On the recent swtbench run litellm_proxy-openrouter-qwen-qwen3-coder-next/24103435463 the model resolves 14 / 424 (3.3 %) instances (monitor link). Analyzing the predicted patches shows the score is almost entirely explained by the agent modifying source code alongside its test, which destroys the F2P signal SWT-bench scores on.

Evidence

Classifying every patch in output.swtbench.jsonl by which kinds of files it touches and cross-tabbing with output.report.json:

Patch category # instances Resolved Rate
Only test files (clean) 22 10 45.5 %
Mixed: test files and source code 332 4 1.2 %
Only source code / no test 64 0 0 %
Empty 3 0 0 %
Total 424 14 3.3 %

Two observations:

  1. The agent's tests are actually fine when left alone — 45 % solve rate on the "only test files" subset, comparable to what we'd expect for this model class.
  2. The same agent's solve rate drops to 1.2 % as soon as the patch also touches source.
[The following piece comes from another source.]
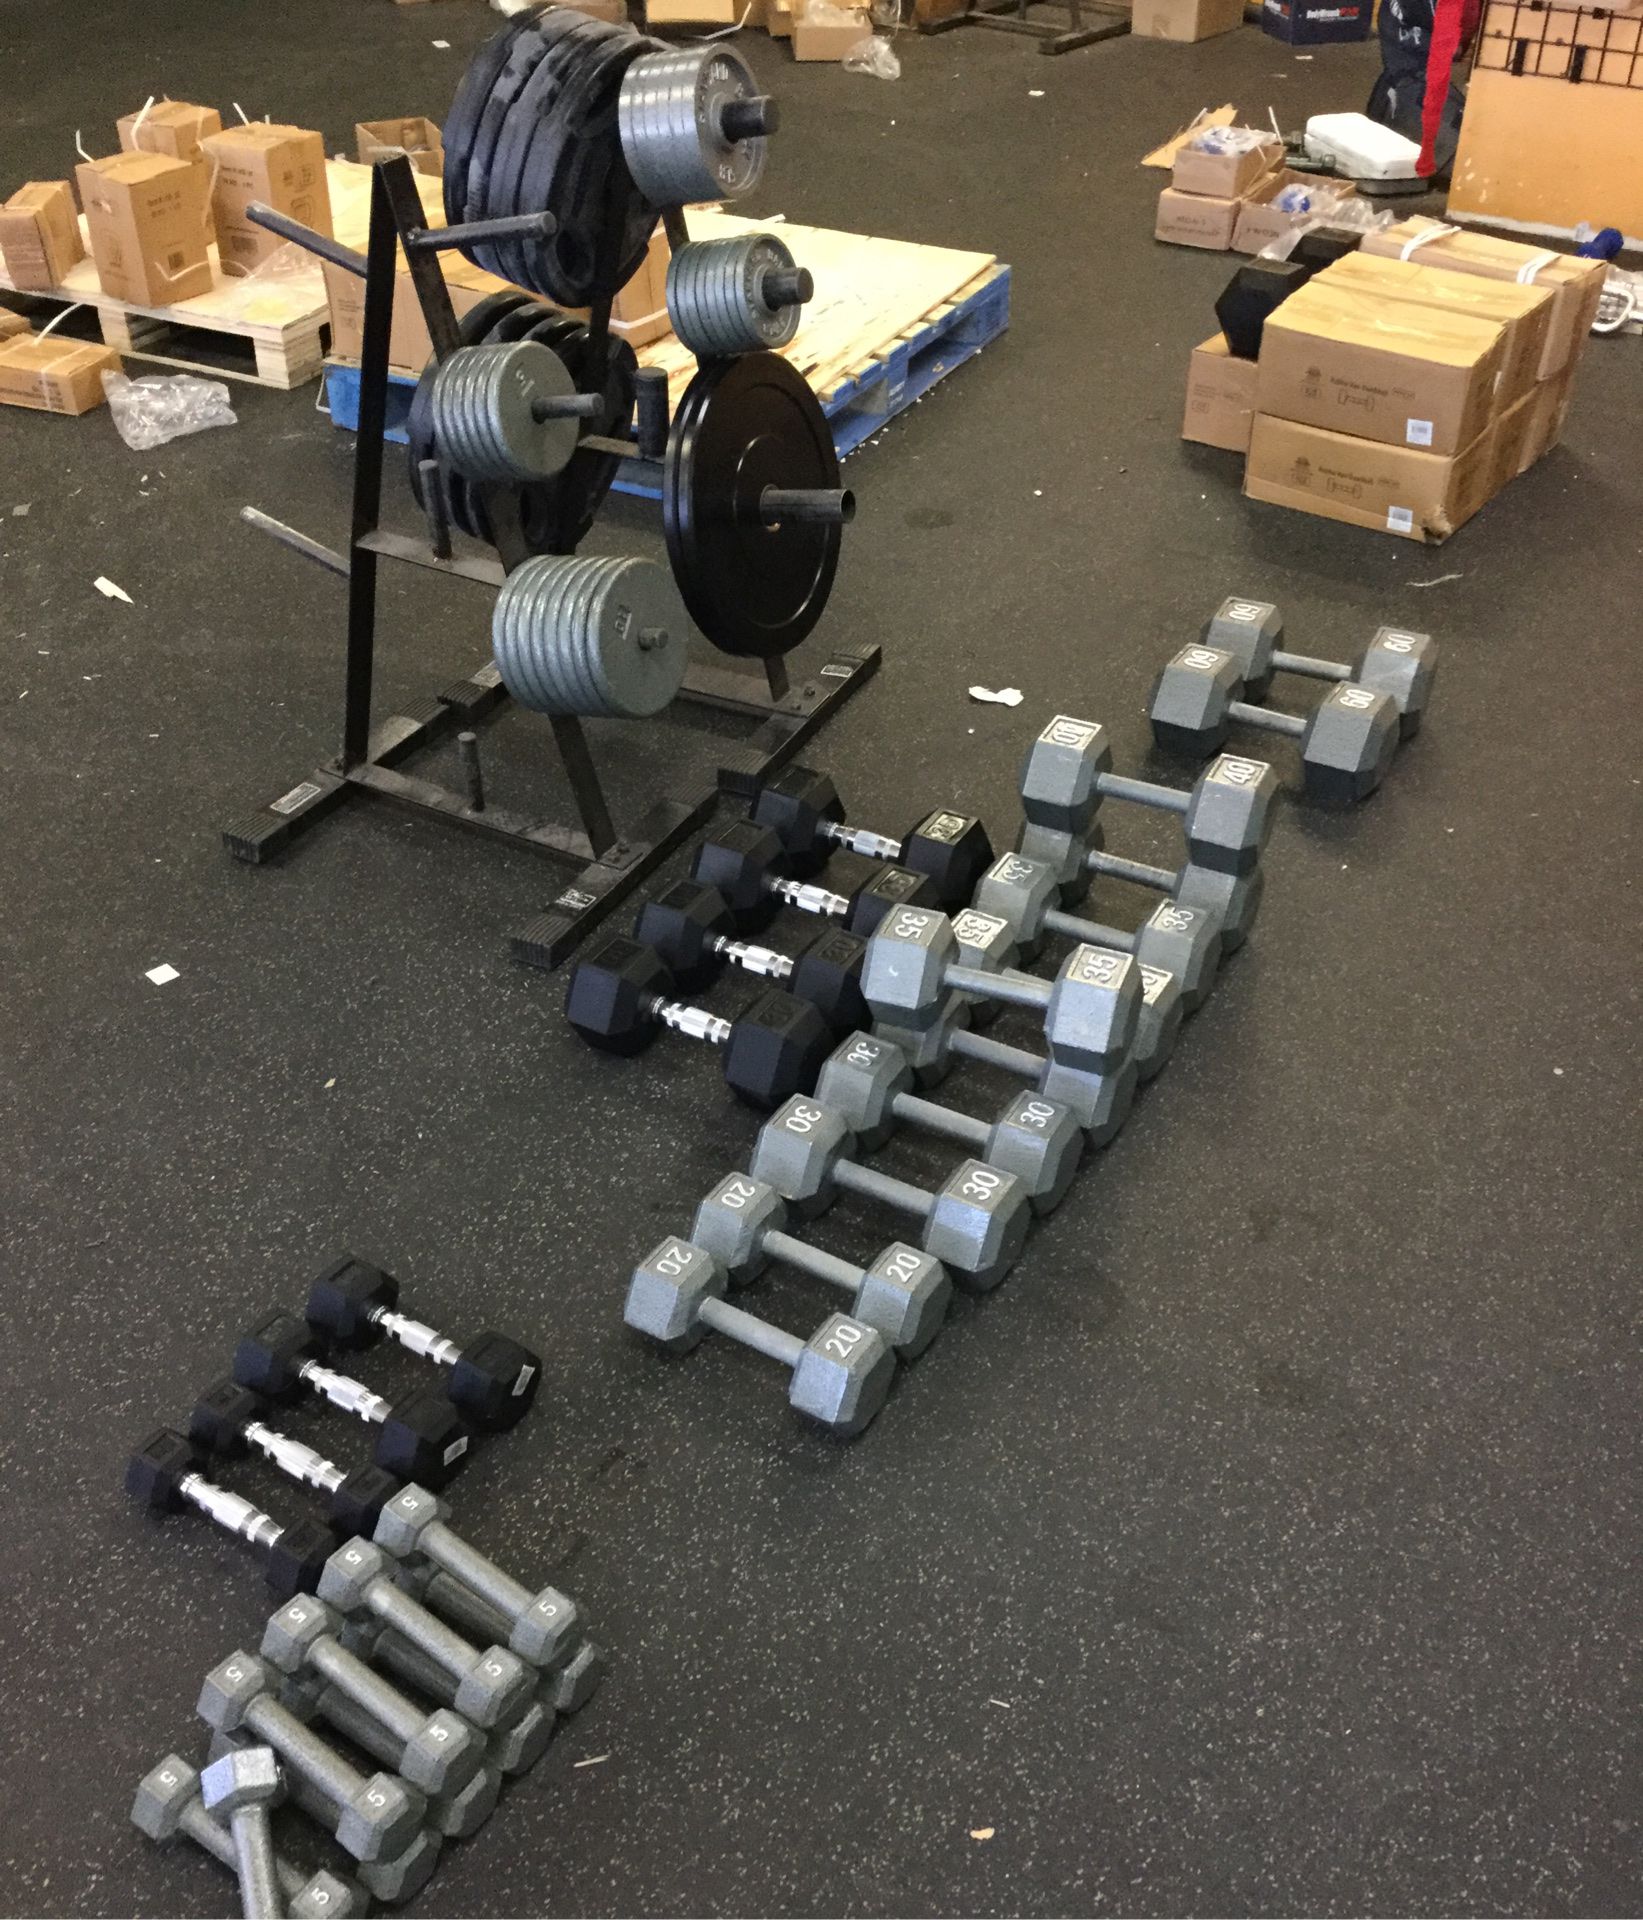 Hex dumbbells and plate weight brand new in stock limited quantities left

That's the expected SWT-bench failure mode: if the model's patch also "fixes" the bug, its own test no longer fails on model_patch-applied state, so no F2P credit.

78 % of patches (332 / 424) fall into the "mixed" bucket — that is what is dragging the score down.

What the extra (non-test) changes look like

Across the 424 patches the non-test files modified are:

  814  source code (e.g. sympy/core/basic.py, django/db/models/sql/query.py, …)
   65  build/lib/...                              (1 instance, psf__requests-1142)
   18  docs/ or doc/
    7  reproduction.py / reproduction_script.py   (repo root)
    1  FIX_SUMMARY.md
    +  15 patches also contain root-level scratch test_*.py files alongside real tests

The dominant pattern is the agent producing a real source-code fix attempt in addition to the test.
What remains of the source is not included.